You're just free. It's just a different kind of feeling.
Wherever she goes through the ups and downs the ins and outs
you know I'll be there with her.
She's down I'm down there to help her up.
And she does the same for me.
Well like I said he's an angel I owe my life to him.
Because without him I couldn't do anything for myself.
He means the world to me and without him I'd be lost.
And I wouldn't have a Corvette!
There is hope for people with persistence.
You need to talk to your doctor about.
The possibility of developing a team a team of specialists to help
We know that pain is not just a physical sensation but it has
emotional social, many other contexts.
People get better.
You can get on with your life and be more than your pain problem.

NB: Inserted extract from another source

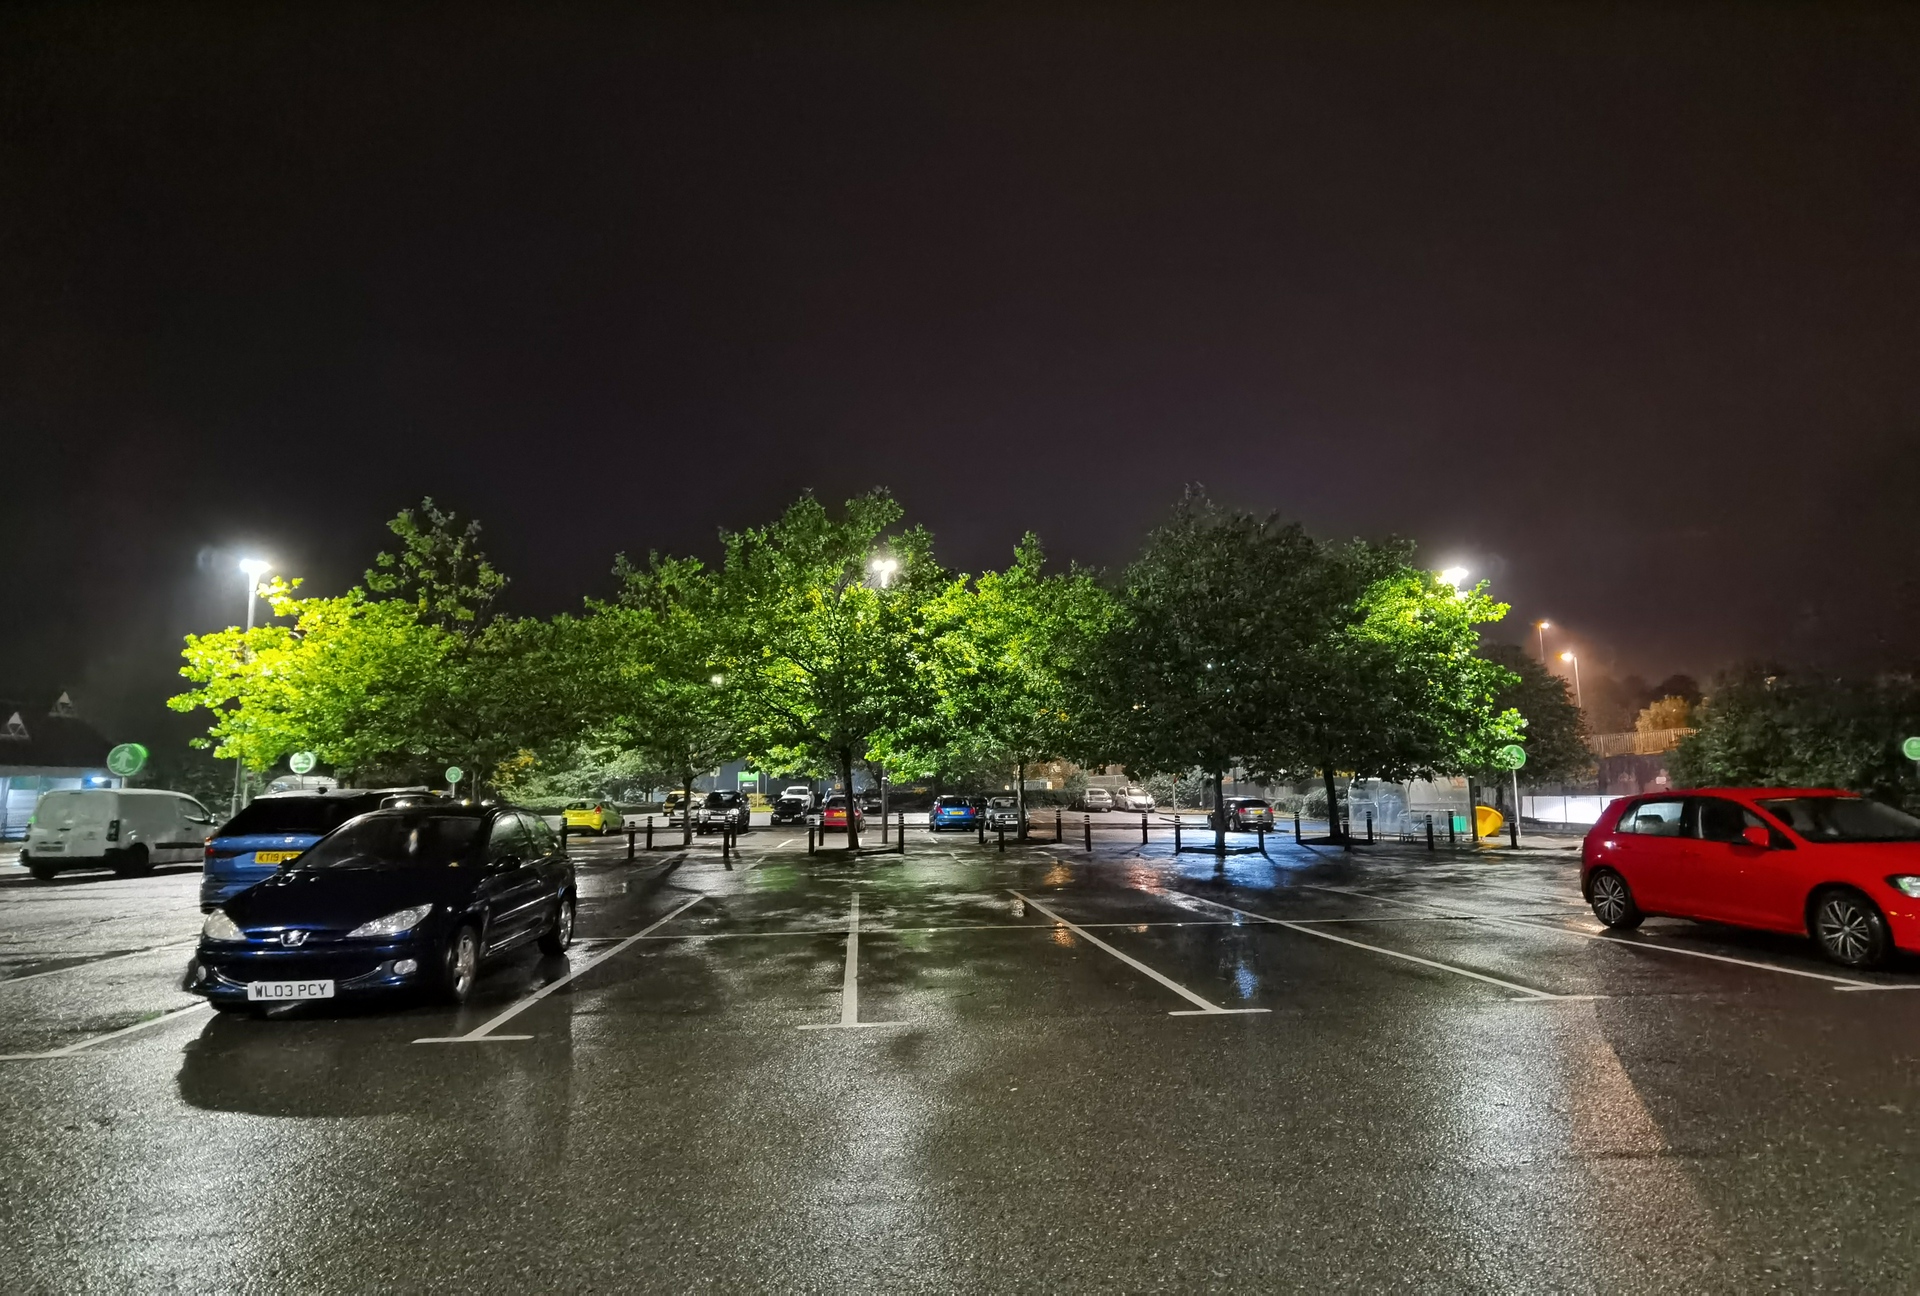 HUAWEI Mate 30 Pro Camera test Night shot of supermarket car park

What I love about my job mostly is watching a patient go from
having something that is affecting their life so significantly to
something that is just a peripheral thought
in their day that doesn't affect their life as much.
And that transition is very rewarding.
At some point in our life we're all dealing with pain
and so we should be able to get together to help everybody else with
The most important thing that you can do is believe that you can get
better. This is not how it has to be for you.
Have a have a life that's filled with the kinds of activities
that are important to you. The hope is that your perception,
the way you look at this plays a huge role in how much suffering
I want to encourage you to add to your life despite
having pain and live the fullest you can.